BEGIN Extracted records
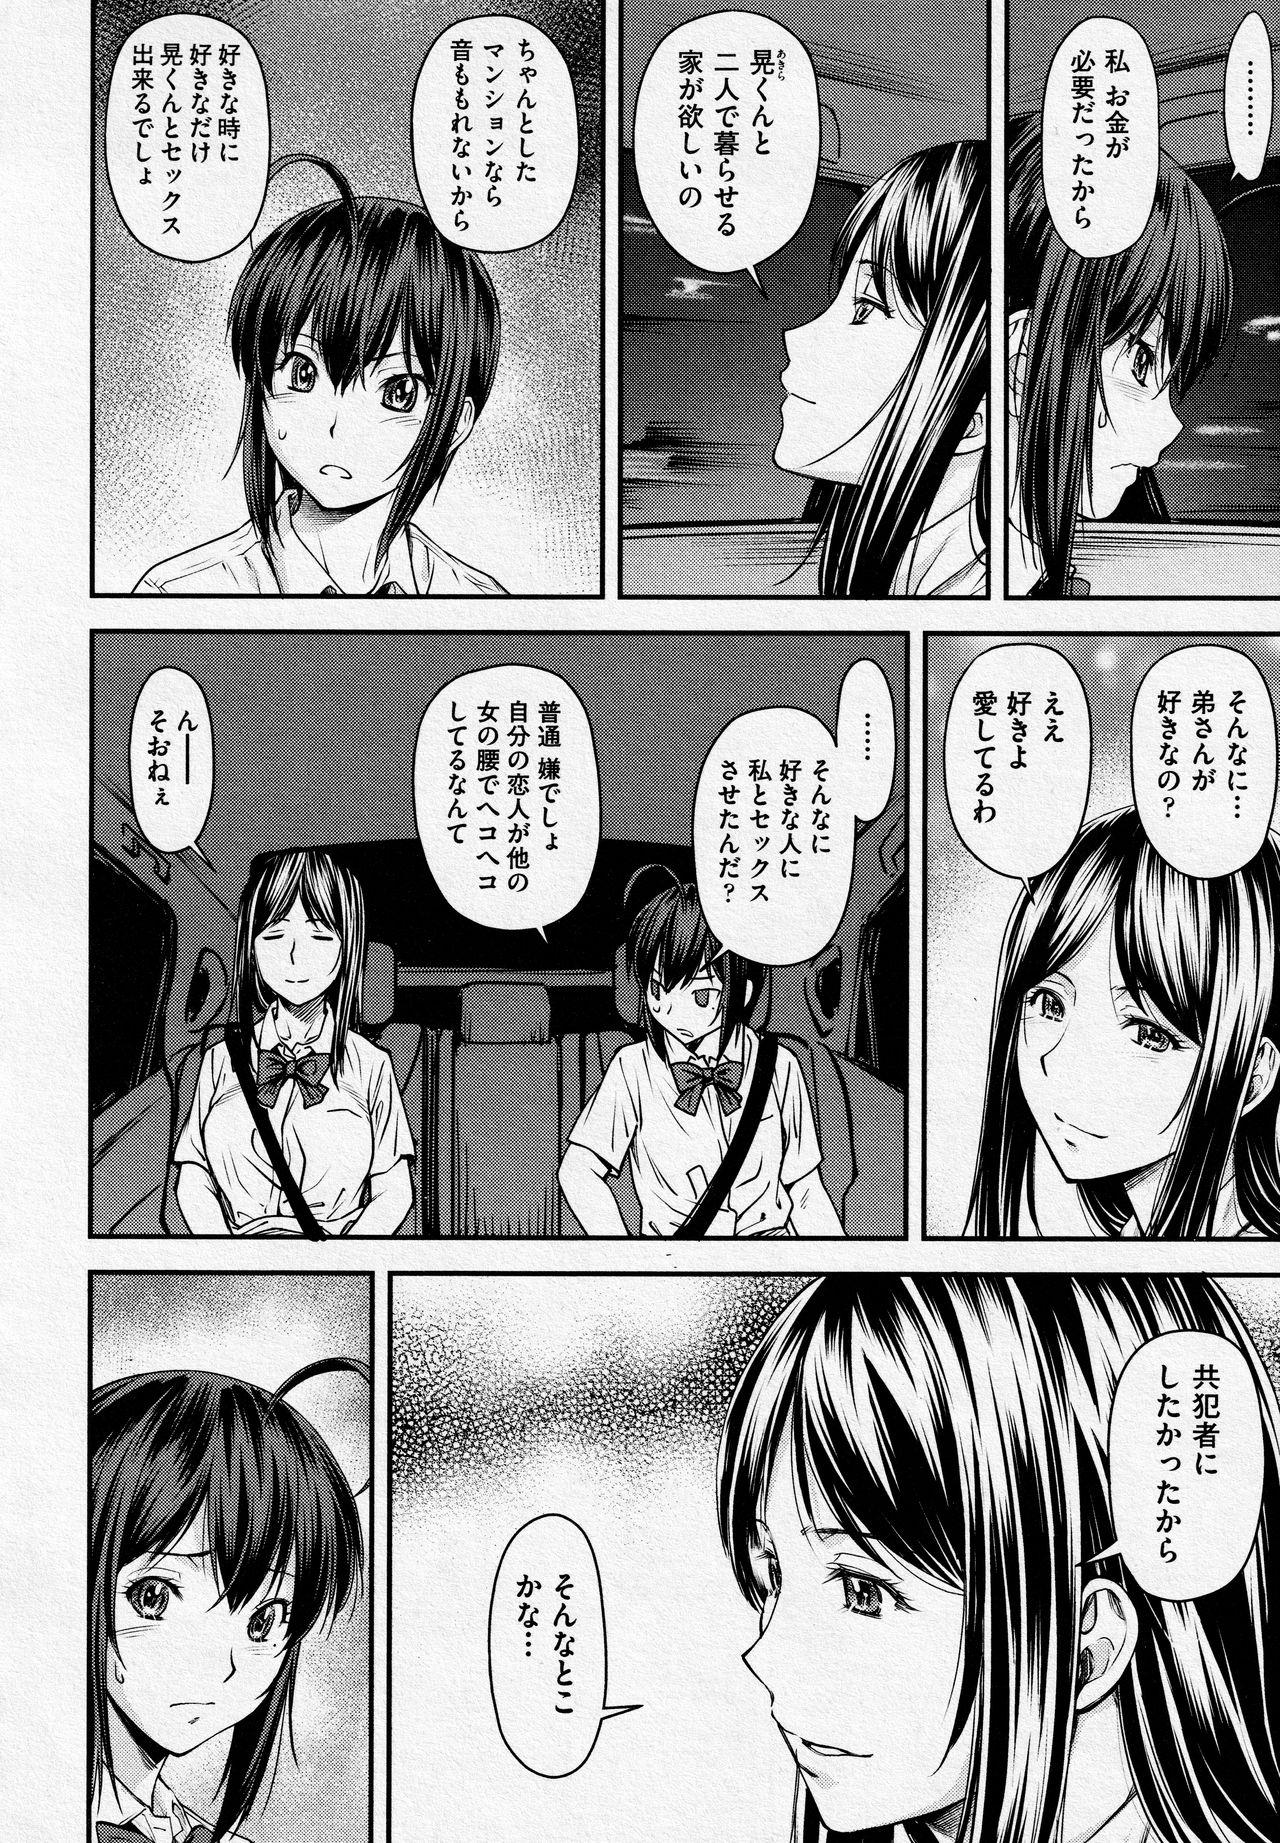 Analfucking Kaname Date #14 Strange - Page 2
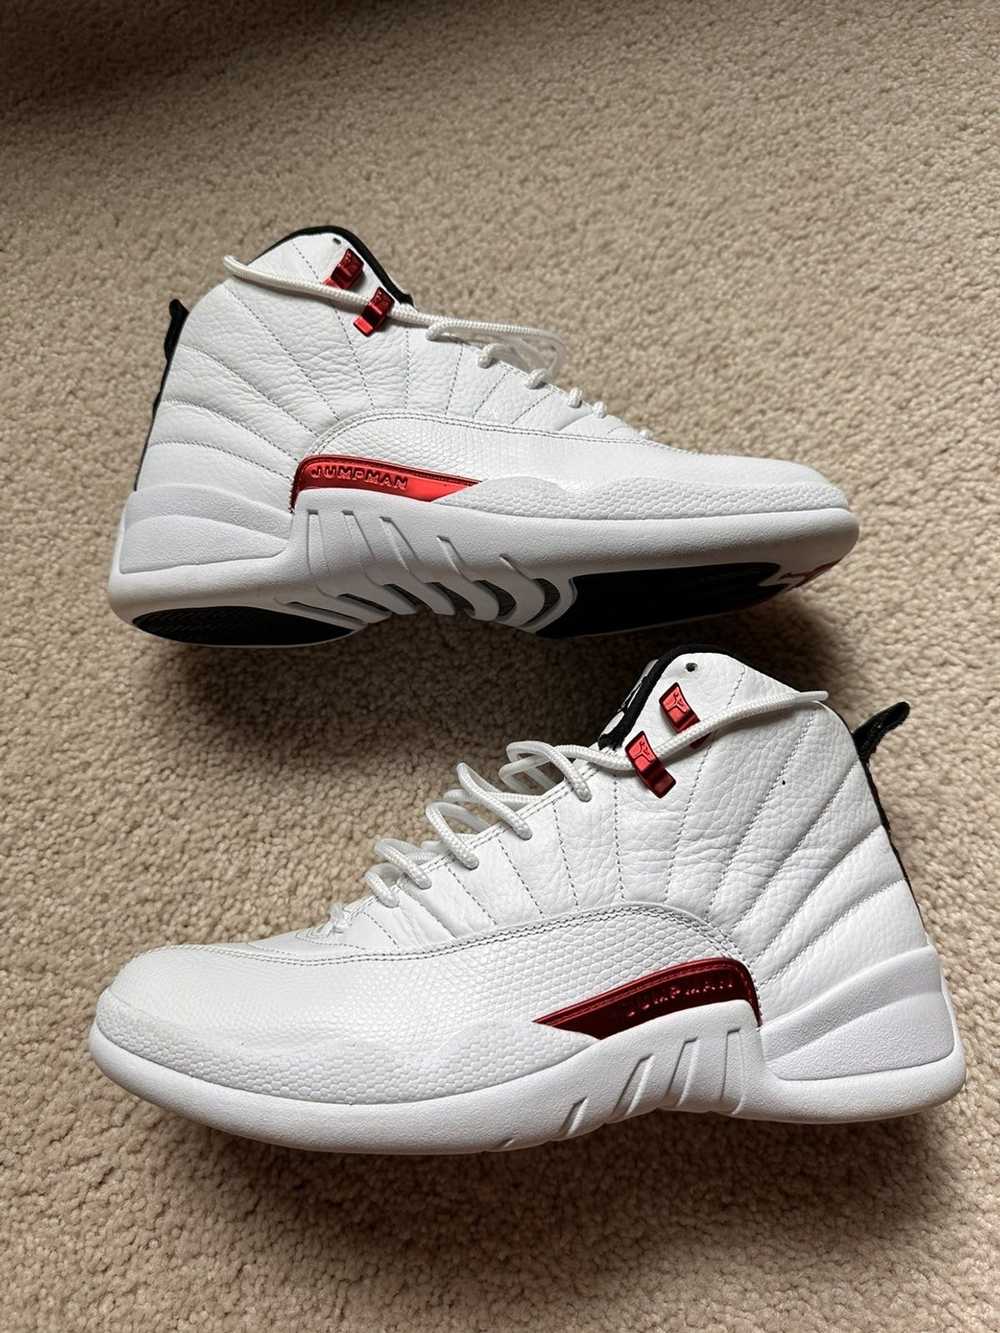 Jordan Brand × Nike Retro Jordan 12 - image 2
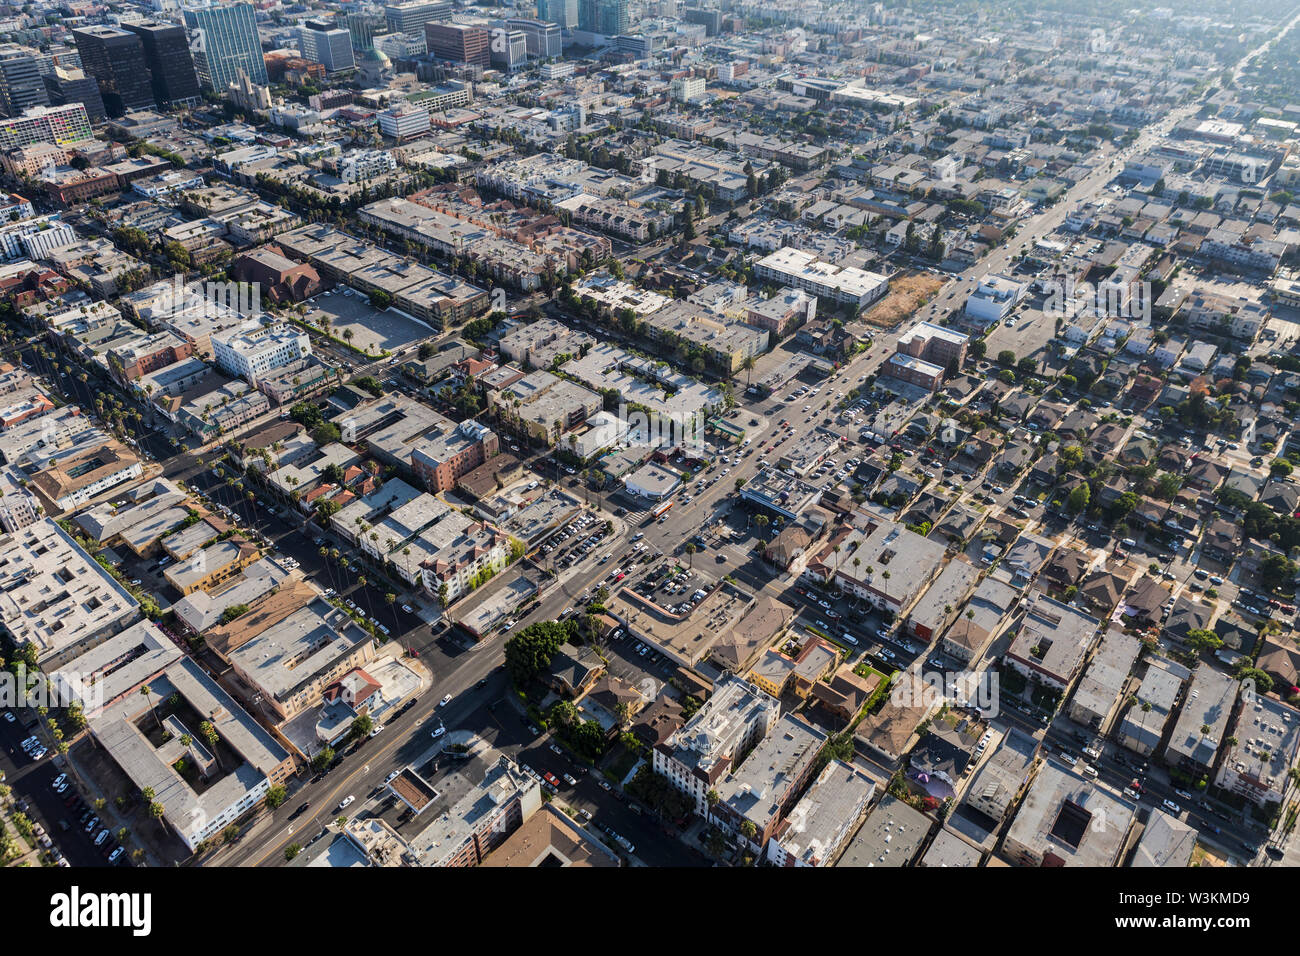 Vista aerea di edifici urbani, appartamenti e case lungo la terza strada ad ovest del centro cittadino di Los Angeles in California. Foto Stock
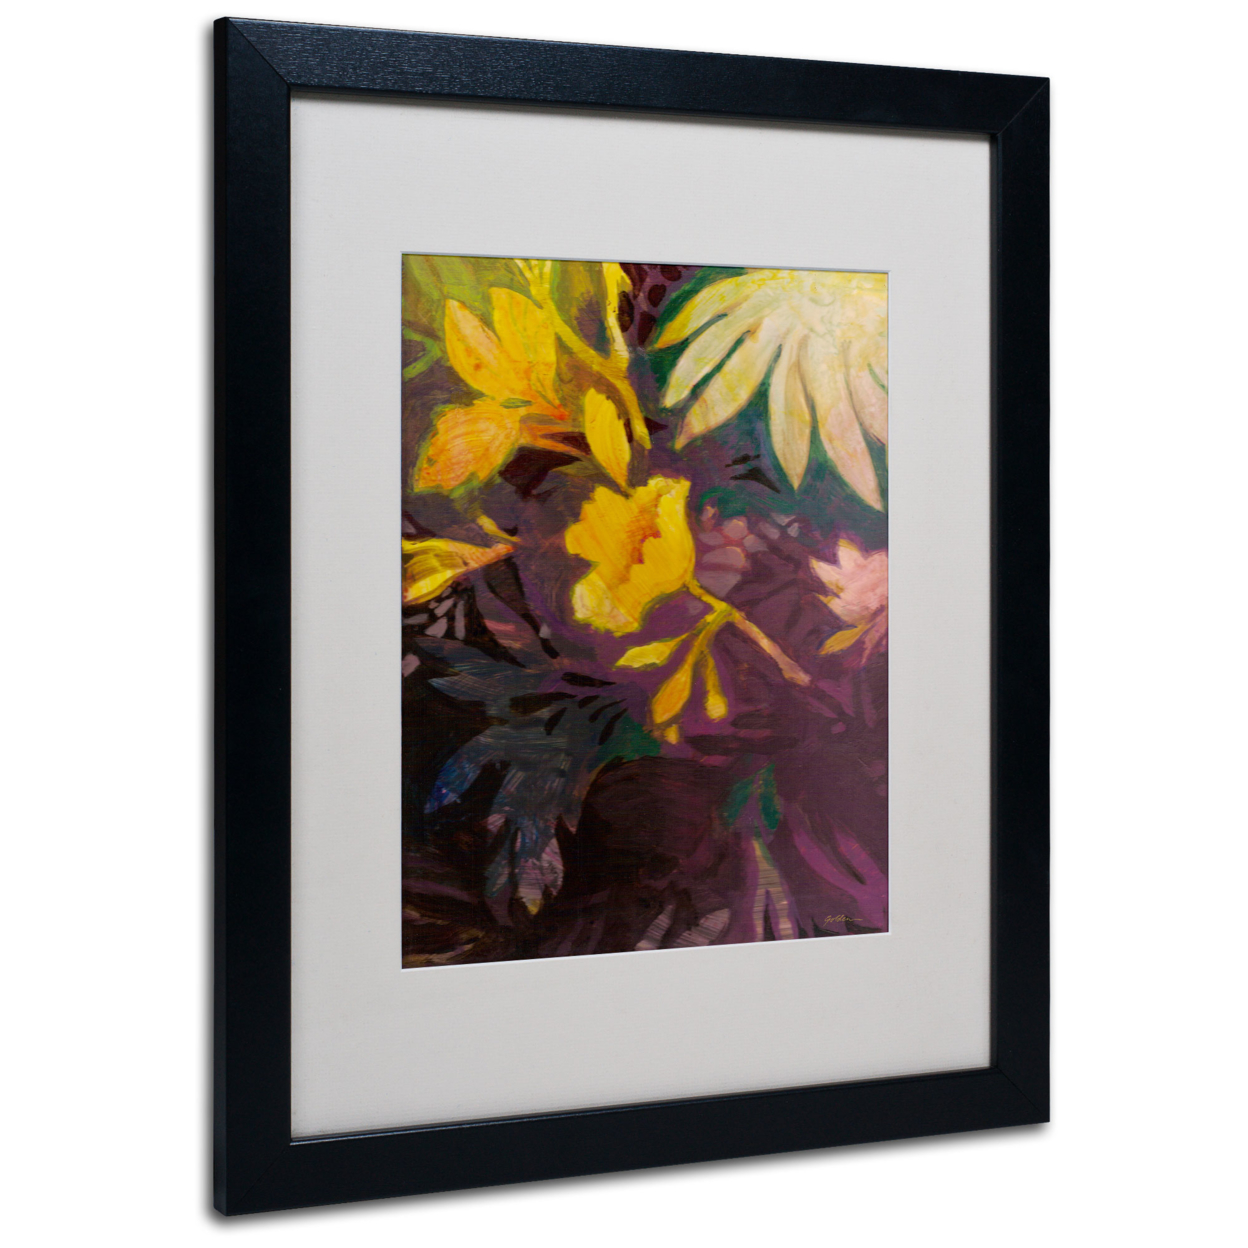 Sheila Golden 'Tropical Evening' Black Wooden Framed Art 18 X 22 Inches
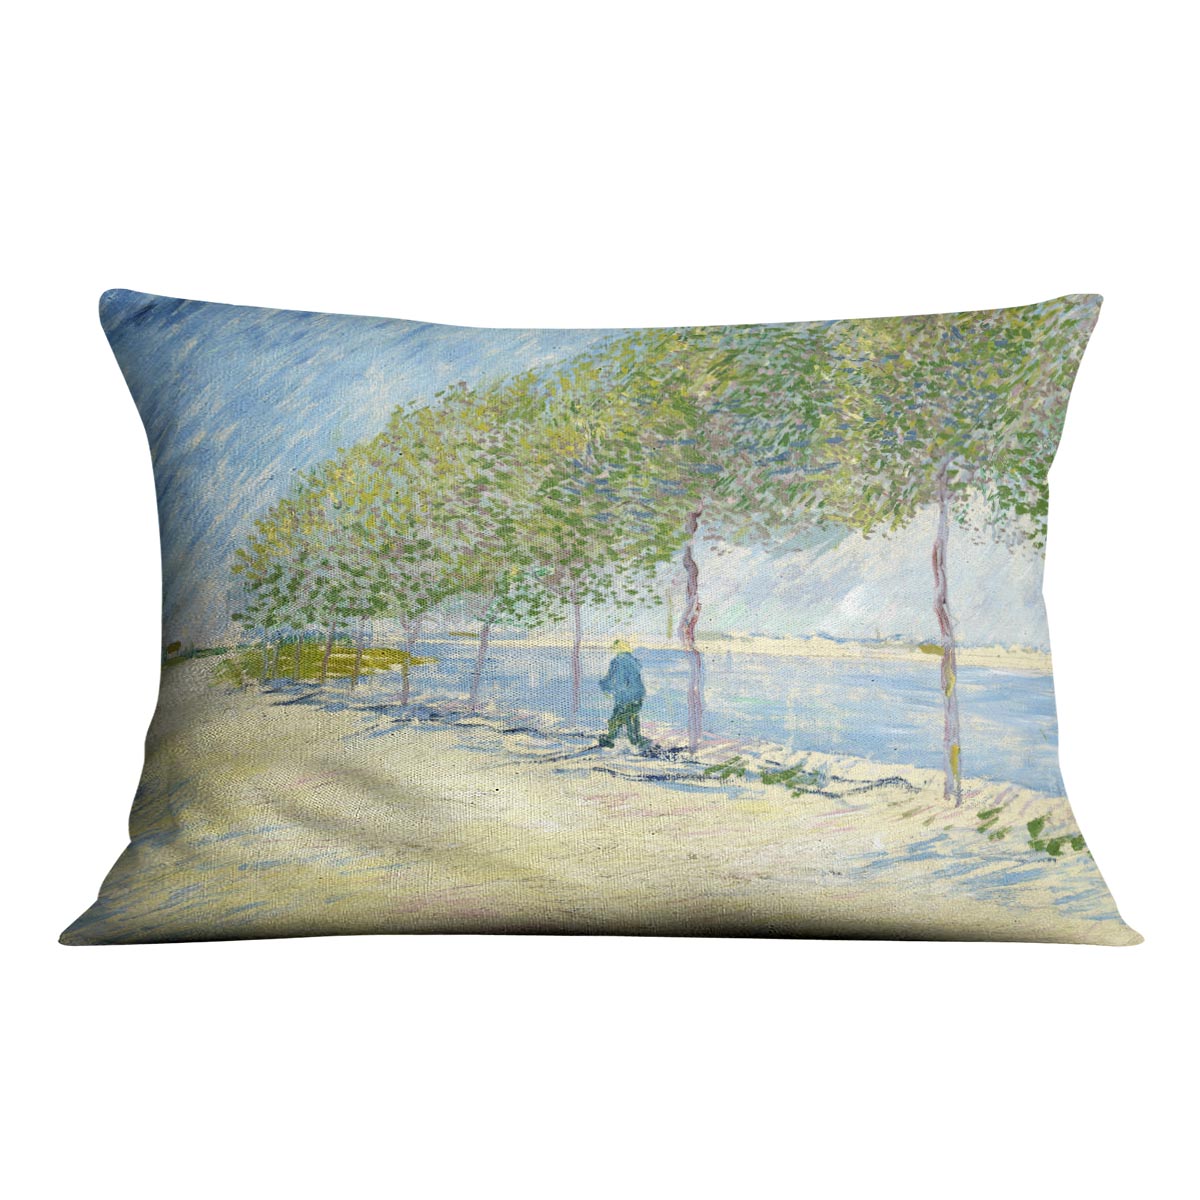 Along the Seine by Van Gogh Cushion
END Extracted records
§ **Work instruction**
Keep out the pictures, and copy exactly the lines from the one that contains "Sheila Golden 'Tropical" through the final line of the records above, both ends included.

§ **Written response**
 Sheila Golden 'Tropical Evening' Black Wooden Framed Art 18 X 22 Inches
 Along the Seine by Van Gogh Cushion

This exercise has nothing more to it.